Boggle, Brux, Hiccup, & Popcorn (maybe also Chirp and Zoom/ie) - named after all the things rats do when they're feeling very happy

And of course food. Lots of food names, but too many to type or that I can think of right now. I always thought food names were cute!


Share your name ideas!


----------



## Finnebon (Jul 15, 2013)

Oh, and I can't forget. The next rat we get, I'd love to get a male PEW. I will name him Simon.


----------



## ratsaremylife (Nov 5, 2013)

Ronald Weasley. I love him! He is my favorite character.

Hagrid. Love him to!

I know I have more but I can't remember.


----------



## monster_paws (Jan 17, 2013)

My next pair will be Gyoza and Edamame


----------



## lalalauren (Jul 3, 2013)

Oh gosh, I have so many...but I also have stupid names for my pets, because that's how I roll. I don't name my pets with a theme, so I have lined up...Lars, Pan, Mycroft, Bartok, Dranosh, Jefferson...I wanted Merlin and Artemis for the longest time, but they just seem too normal! 

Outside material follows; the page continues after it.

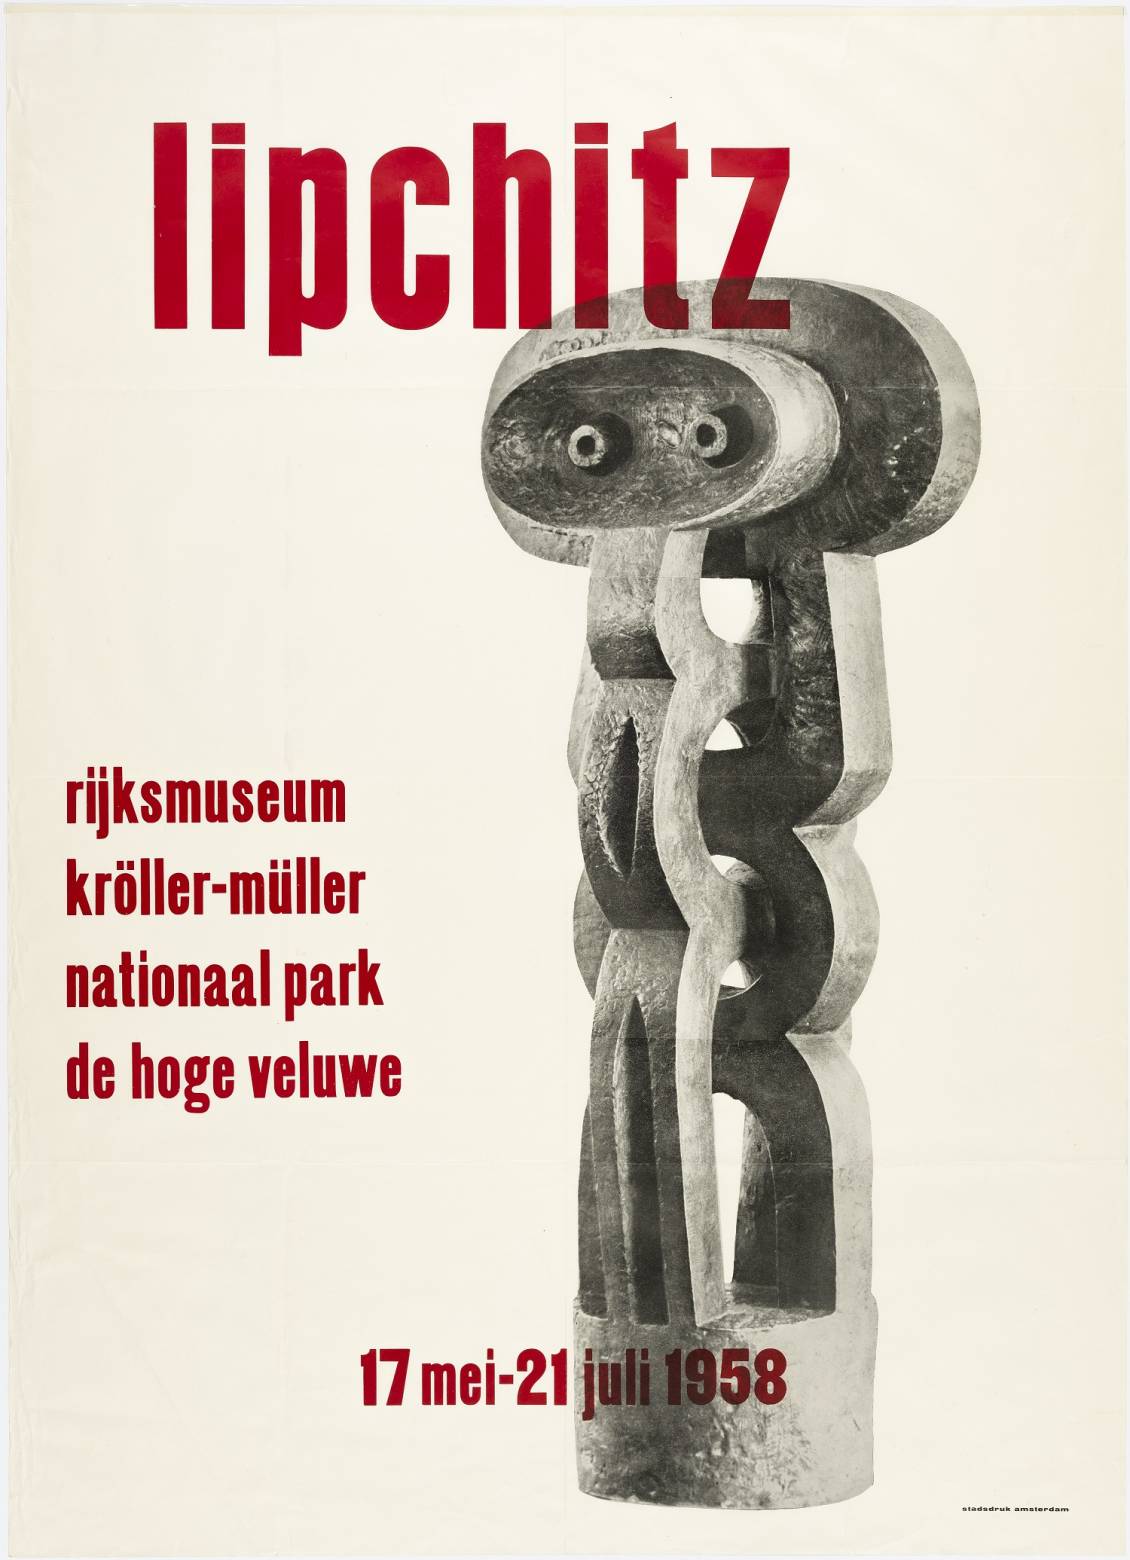 Tentoonstellingsaffiche 'Lipchitz', 1958
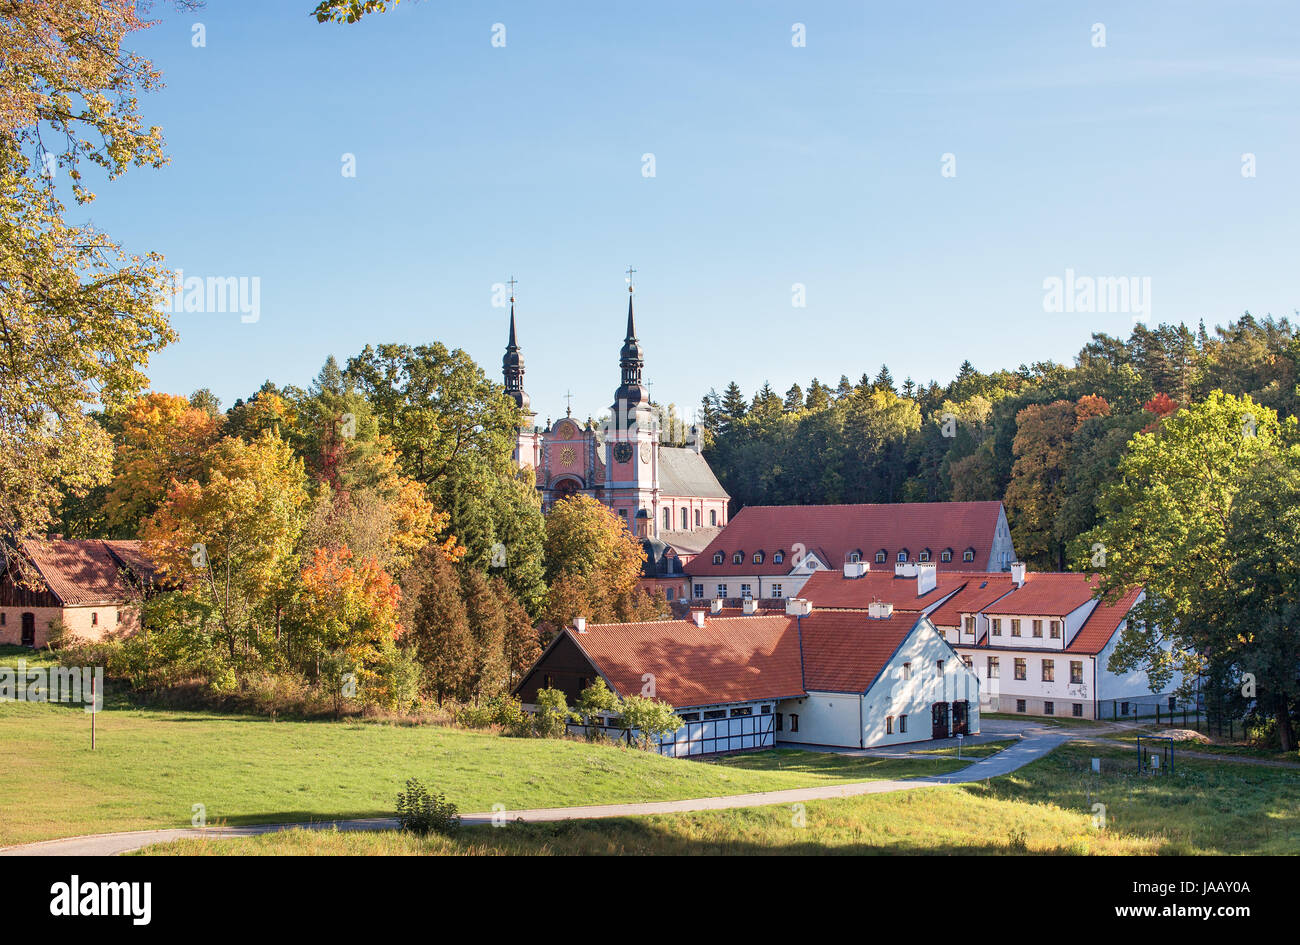 Katholische Barockkirche in Swieta Lipka (Heiligelinde), Masuren, Polen. Farben des Herbstes. Stockfoto

Sent from Petguide.com Free App


----------



## Ilovemybabyrats (Feb 5, 2013)

lol, after having fifteen rats at once you'd think I'd be out of names. (No I'm not a hoarder. I saved a rat from being snakemeat and it turned out she was pregnant). I still have a few though. Benji and Martin after Benedict Cumberbatch and Martin Freeman who start in the new Sherlock series. Sammy, Dean, and Frank after the "rat pack" of singers Sammy Davis Jr, Dean Martin, and Frank Sinatra. Casper for a PEW. Jack and Doc after jack Harkness and the Doctor from Doctor Who, although my family would probably hate me for that since I'm obsessed. So far I've had Basil and Chewy. Chewy was technically my brother's but I took care of him. Buddy and Louie after Bud Abbot and Lou Costerr. My current batch are Nippy, my mama rat named after the rat in the Three Stooges movie. Her babies are Arrow named for the perfect half arrow on her back, Marley, Cindy Lou Who, Cookie, Dash, Morsie, Harper, Ziggy, Tembo, Rodent, Vermin, and Dot. There were also Spector and Bernice who went to a good home and were renamed Bella and Dora. I also think Oreo would be a cute name for a black hooded.


----------



## Snikida (Sep 28, 2013)

I'm kinda dead set on my game of thrones characters, but that may change. But I've been in love with this big fat lazy male at pertco for a while and even though I'm not getting him I would probably name him Robert baratheon. Let's see, others are Daenerys, Viseris, Lyanna, Varys, Sansa, Shae, Jorah, Joffery, margery( hate the name but I love the character) rhagar, petyr, tyrion, tywin, and Jaime. Those are all of the ones I can think of right now that I like, but it depends on how the look and their personality. 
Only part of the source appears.